Forte Tutorial 1: Running psi4 jobs in Jupyter notebooks


In this tutorial we are going to explore how to run psi4 in Jupyter notebooks via psi4's Python API.

Import psi4

The first step necessary to run psi4 in Jupyter is to import psi4


In [ ]:
import psi4

Specify the molecular geometry

Next, we specify the molecular geometry. We will consider an hydrogen molecule with a bond distance of 1 Å and specify the geometry using the zmat format. We also specify the charge (0) and multiplicity (1 = singlet) at the very top of the geometry input.


In [ ]:
charge = 0
multp = 1
rHH = 1.0 # Ångstrom
geom = f'{charge} {multp}\nH\nH 1 {rHH:.6f}' # we use formatted strings
print(geom)

Creating the molecule object and accessing its properties

We can now pass the geometry to psi4 and build a Molecule object. (see psi4/src/libmints/molecule.h)


In [ ]:
mol = psi4.geometry(geom)

The molecule object can queried for information


In [ ]:
print(f"Number of atoms = {mol.natom()}")
print(f"Nuclear repulsion energy = {mol.nuclear_repulsion_energy()}")

and we can even list information about all functions


In [ ]:
help(mol)

Generate Hartree-Fock orbitals using psi4

Using the molecule object we can now compute the MOs using psi4. We first set the options:

  1. basis: the basis set (string)
  2. scf_type: the type of SCF computation (string). 'pk' stands for the SCF algorithm with conventional integrals

In [ ]:
# set basis/options
basis = 'cc-pVDZ'
reference = 'rhf'

psi4.core.clean()

psi4.set_options({'basis': basis,'scf_type': 'pk', 'reference' : reference})

# pipe output to the file output.dat
psi4.core.set_output_file('output.dat', False)

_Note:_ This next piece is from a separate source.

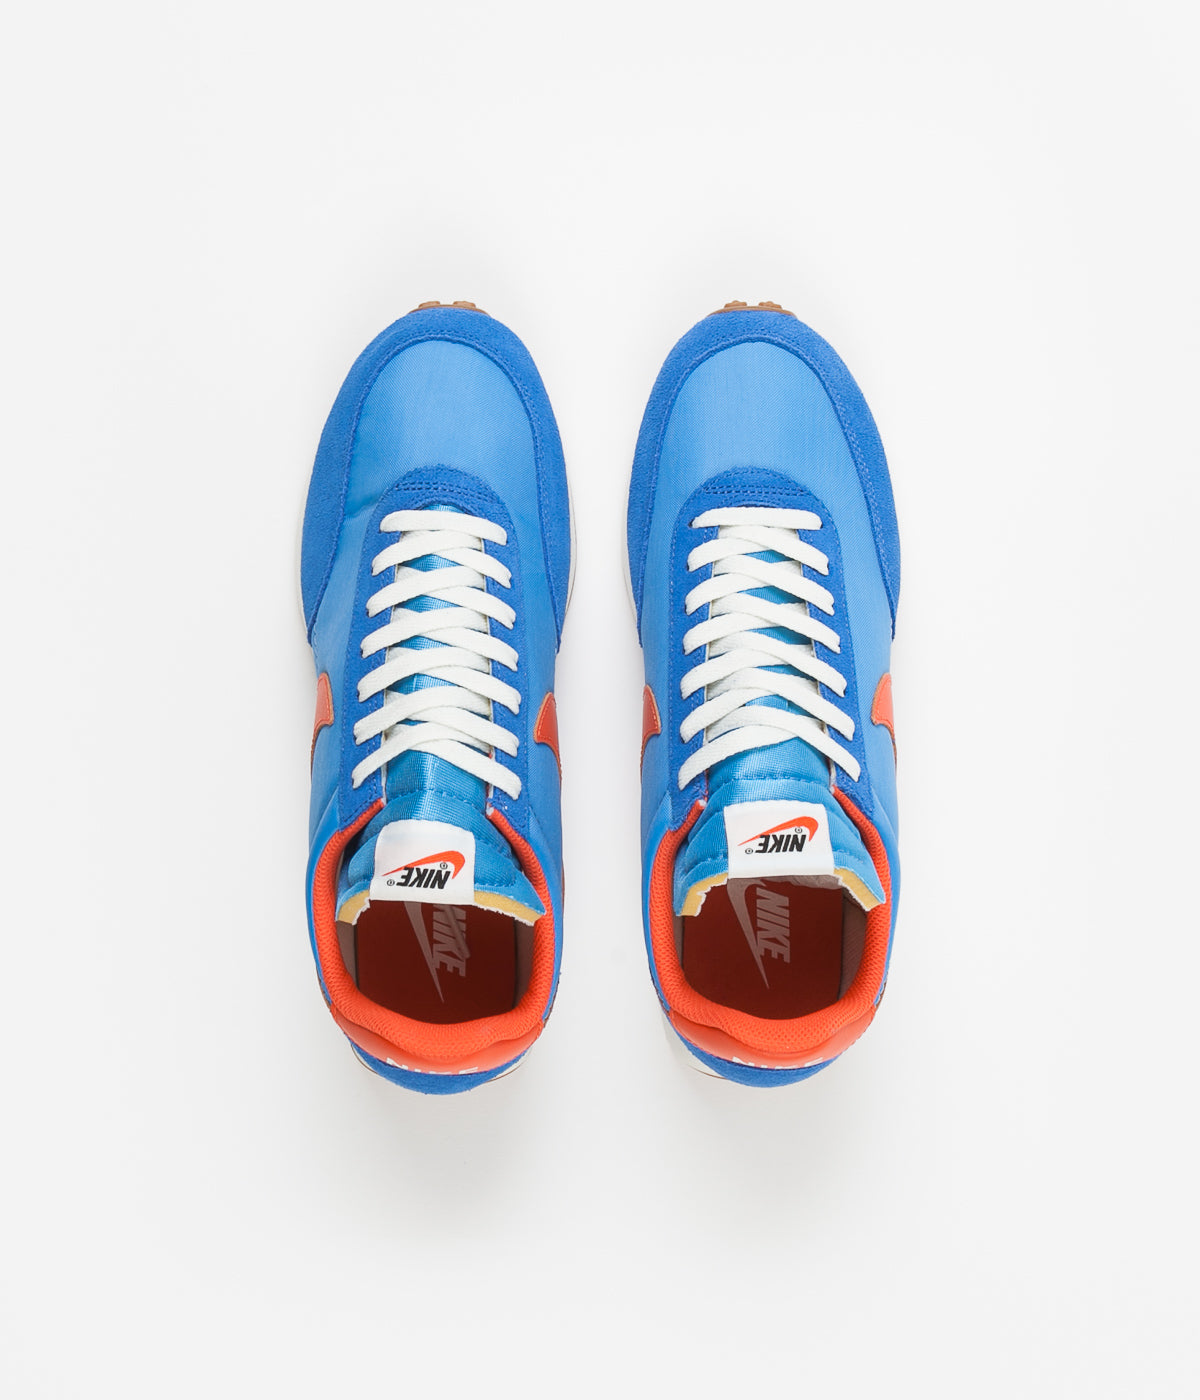 nike sneakers orange and blue

# run scf and return the energy and a wavefunction object (will work only if pass return_wfn=True)
E_scf, wfn = psi4.energy('scf', return_wfn=True)

In [ ]:
print(f'SCF Energy: {E_scf}')

Extracting useful information from psi4

The wavefunction object returned by psi4 is full of useful information. For example, we can ask how many orbitals are there in total


In [ ]:
print(f"Number of orbitals = {wfn.nmo()}")
print(f"Number of alpha electrons = {wfn.nalpha()}")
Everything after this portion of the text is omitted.